» **PROBLEM REQUIREMENTS**
Without including any images, repeat the data exactly.

» **MATERIAL PROVIDED**
* * *

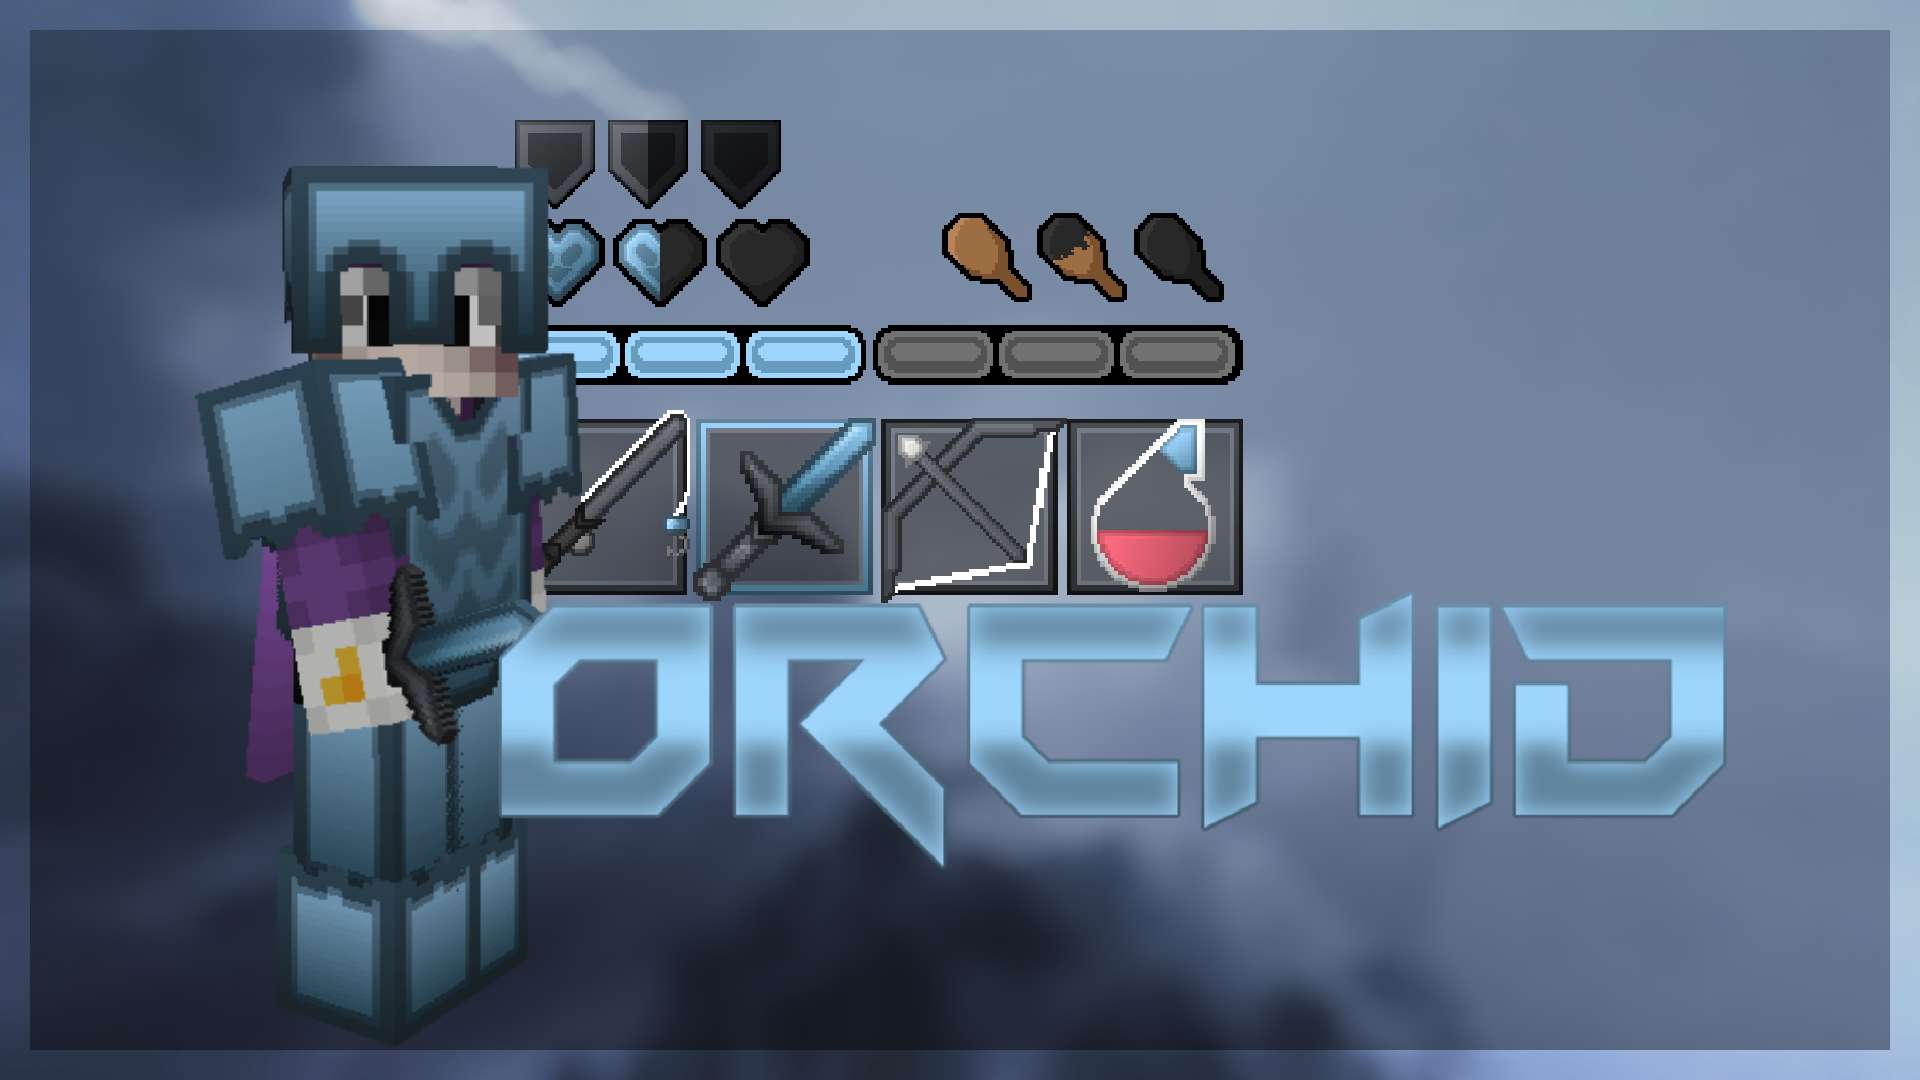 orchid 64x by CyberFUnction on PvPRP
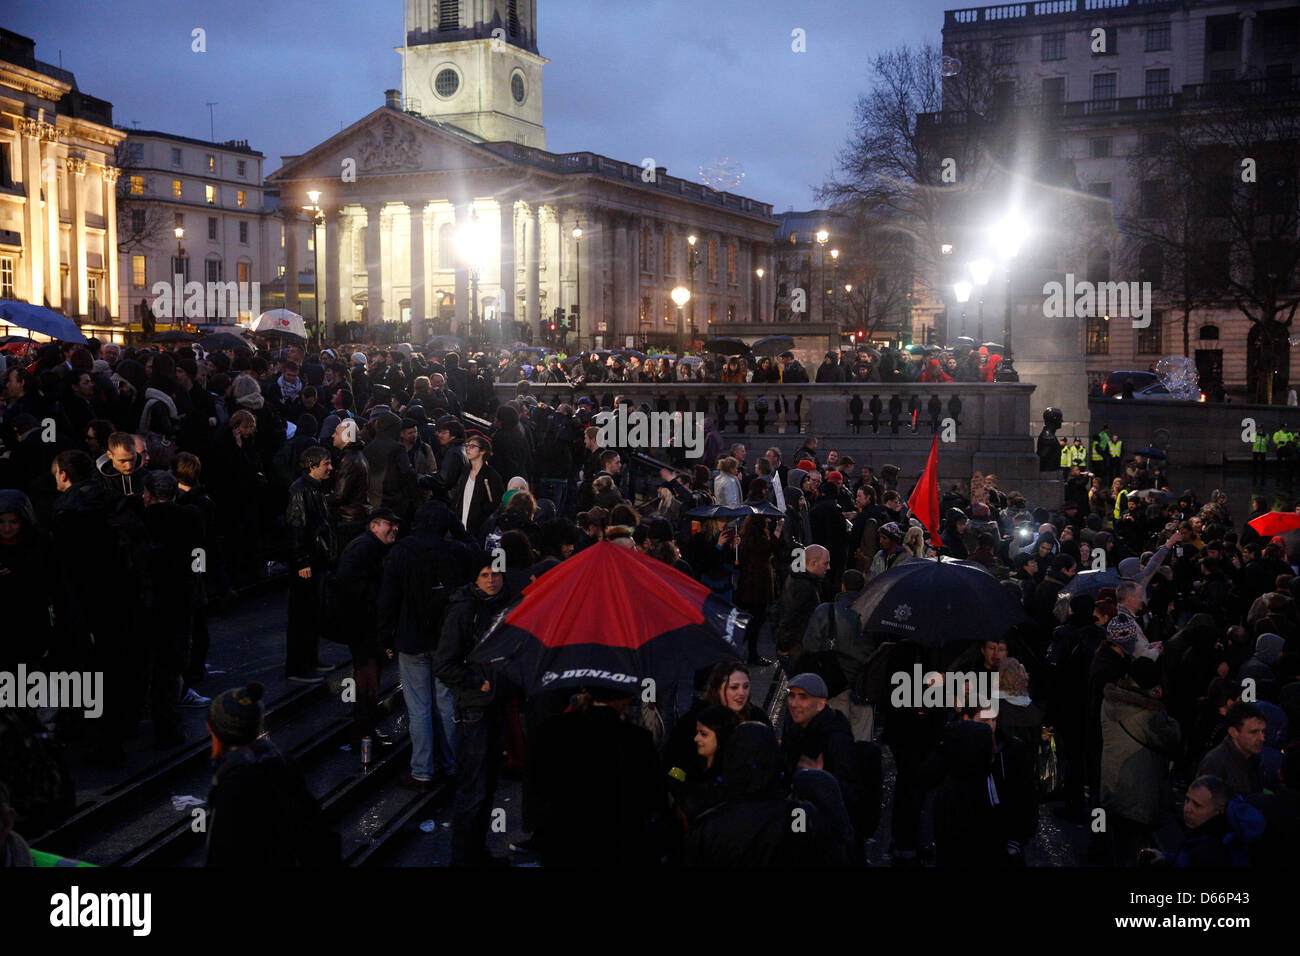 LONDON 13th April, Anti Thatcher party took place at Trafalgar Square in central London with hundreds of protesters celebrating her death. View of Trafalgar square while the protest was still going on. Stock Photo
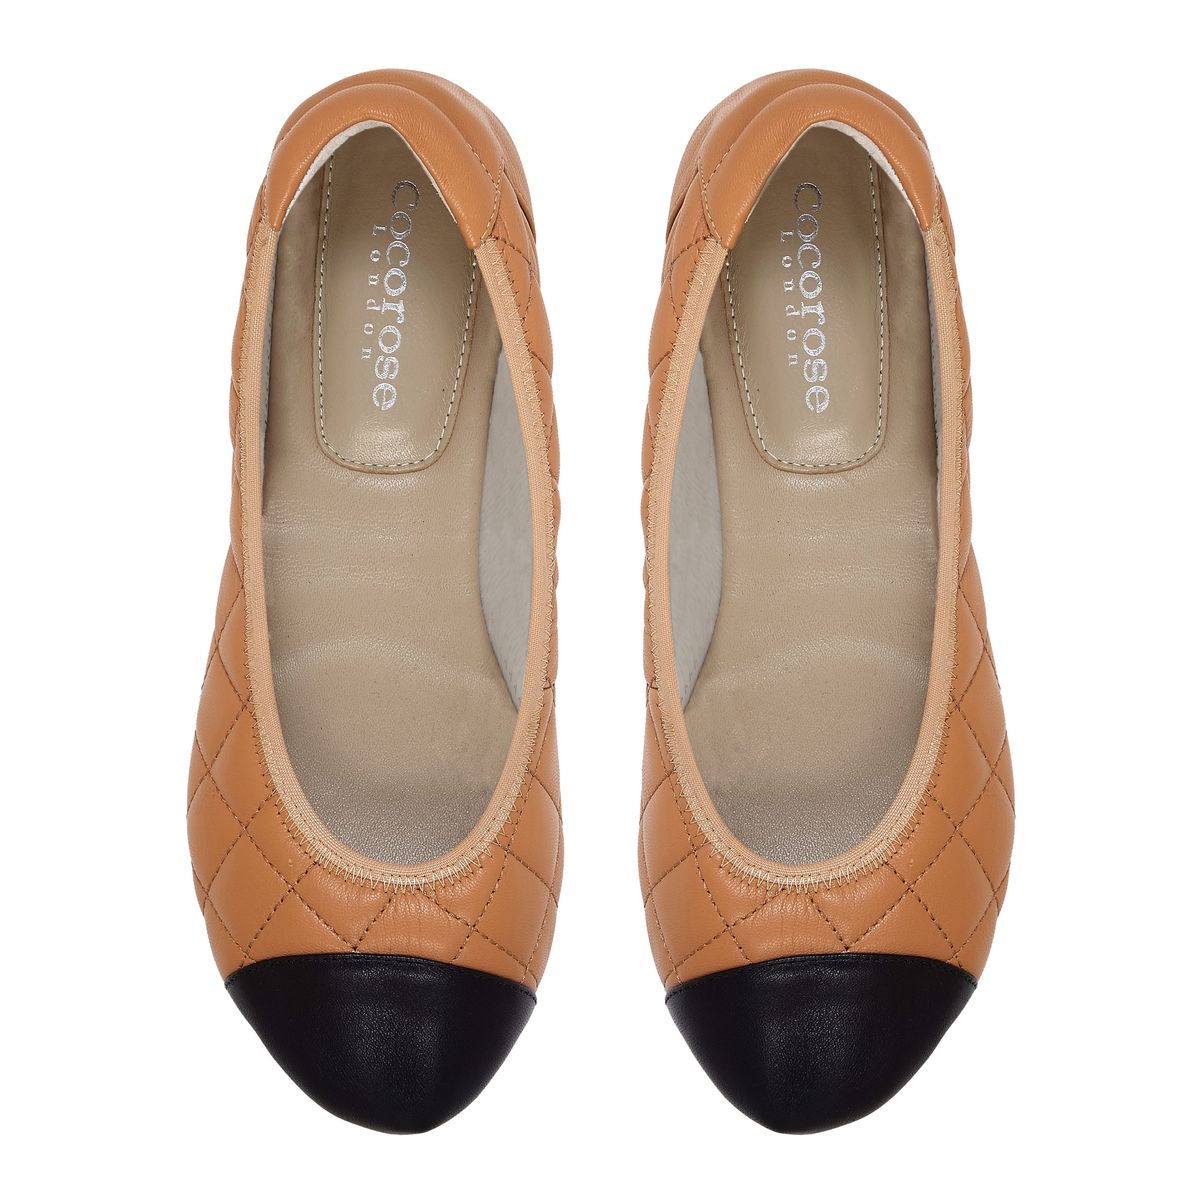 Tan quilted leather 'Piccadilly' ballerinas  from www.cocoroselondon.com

* * *

» **RESULT BELOW**
 orchid 64x by CyberFUnction on PvPRP
 LONDON 13th April, Anti Thatcher party took place at Trafalgar Square in central London with hundreds of protesters celebrating her death. View of Trafalgar square while the protest was still going on. Stock Photo
 Tan quilted leather 'Piccadilly' ballerinas  from www.cocoroselondon.com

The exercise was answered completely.